The Catholic New Services reports that the bishops on Tuesday voted 201-24 with two abstentions to approve a document that says that a Catholic who "knowingly and obstinately" rejects "the defined doctrines of the church" or repudiates the church's "definitive teaching on moral issues" would not be in communion with the church and therefore should not receive the Eucharist. The document also criticizes those who "give selective assent to the teachings of the church." Moreover, the document states, if a person who "is publicly known to have committed serious sin or to have rejected definitive church teaching and is not yet reconciled with the church" were to take Communion, it "is likely to cause scandal for others," which provides a "further reason" for the person to refrain. However, in a footnote, the bishops said this document was not intended "to provide specific guidelines" to the provision in canon law that says that Catholics "obstinately persevering in manifest grave sin" should not be allowed to receive Communion.

For my own take on this question, as a matter of canon law and pastoral counseling, see Abortion, Bishops, Eucharist, and Politicians: A Question of Communion (with Charles J. Reid, Jr.), 43 Catholic Lawyer 255 (2004) (link here).

Most importantly, this document reminds all of the Catholic faithful about the sacred meaning, personally and communally, of approaching the altar. Each of us need once again to undertake, as we did at the time of our Confirmation, that rigorous examination of our own consciences toward the end of being drawn ever more deeply into full communion with the Church through Reconciliation as appropriate and then our due reception of the Body and Blood of Christ at the Lord’s Supper. God knows how poignant this reminder should be for me.

Greg Sisk

News from Ireland

MOJ-friend and Trinity College Dublin law prof Gerry Whyte sends this our way:

The Irish Times
November 15, 2006

Court says frozen embryos 'not unborn'

Luke Cassidy

A woman has lost a High Court battle to have frozen embyos implanted in her womb against the will of her estranged husband.

The woman claimed the embryos, created using in vitro fertilisation technology, should have been afforded the protection given to the unborn under the Constitution.

However, the High Court decided today that the three frozen embryos are not "unborn" as defined under the Constitution and it is a matter for the Oireachtas to decide on their legal status. Article 40.3.3 of the Constitution states acknowledges the right to life of the unborn "with due regard to the equal right to life of the mother".

But in a 26-page High Court ruling delivered this morning Mr Justice Brian McGovern said that three frozen embryos are "not 'unborn' with the meaning of Article 40.3.3 and it is a matter for the Oireachtas to decide what steps should be taken to establish the legal status of embryos in vitro".

"Laws should, and generally do, reflect society's values and will be influenced by them.

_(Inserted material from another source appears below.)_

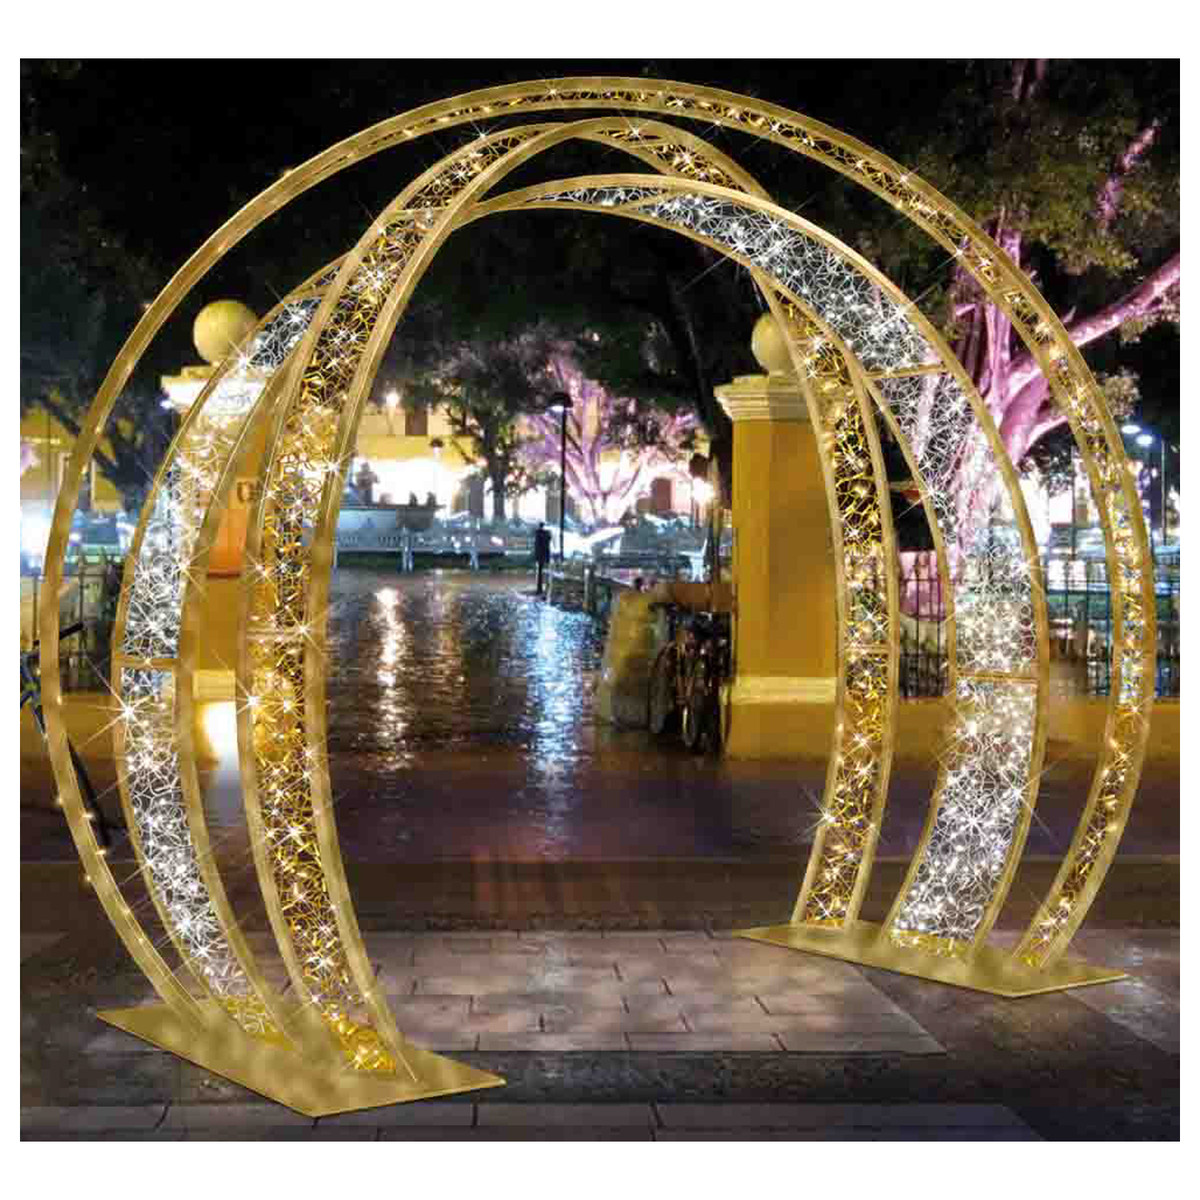 3D Walkthrough Arch - Large Commercial Display - Three Ring Knitted - LED Lights - 11.5ft tall
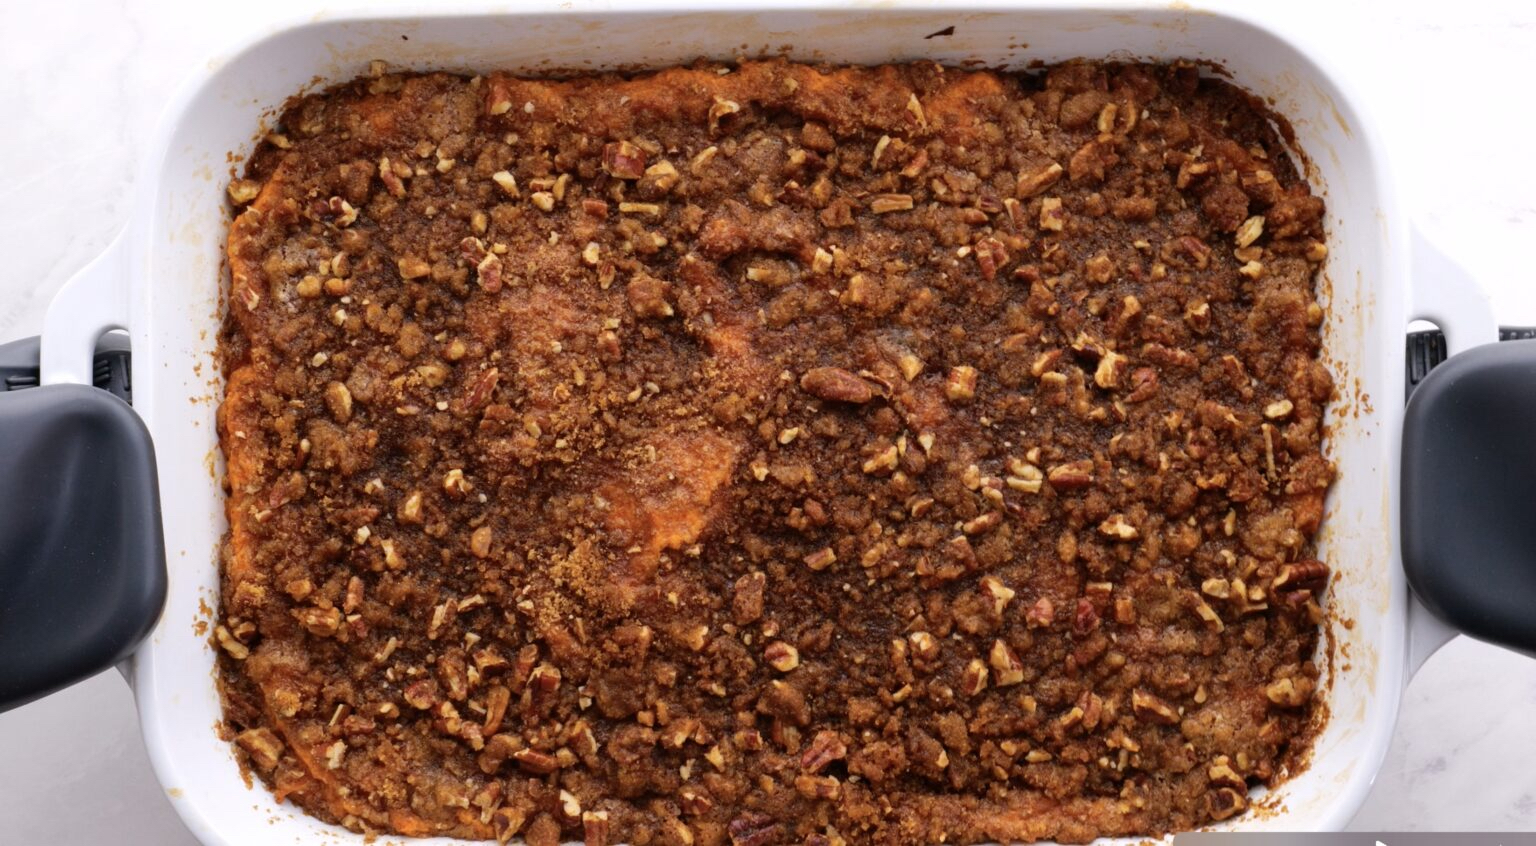 Sweet Potato Casserole with Pecan Topping

But, at the end of the day, it is the duty of the courts to implement and apply the law, not morality," the judge said.

"Until the law or the Constitution is changed, this issue remains within the sphere of ethics and morality."

The ruling comes as an estranged Dublin couple battle over the use of three frozen embryos stored in the Sims Fertility Clinic, Rathgar.

The High Court has already ruled the estranged husband did not give his consent for the eggs to be used in the event of their marriage breaking up.

Today's ruling is the second stage of the case, with the judge asked to consider public and constitutional law issues.

Archbishop of Dublin Diarmuid Martin has said he is seriously concerned by today's High Court ruling against a woman who tried to have frozen embyos implanted in her womb against the will of her estranged husband.

The Archbishop said the court's ruling that the three frozen embryos are not "unborn" as defined under the Constitution "cast doubt on what rules were in place to protect life".

The Pro-Life Campaign said it was "confident the Supreme Court will vindicate the rights of the human embryo if the judgement is appealed."

The Labour Party welcomed the clarity that the High Court decision on the frozen embryo case has brought, although it insists that the Government must now produce legislation for assisted reproduction clinics.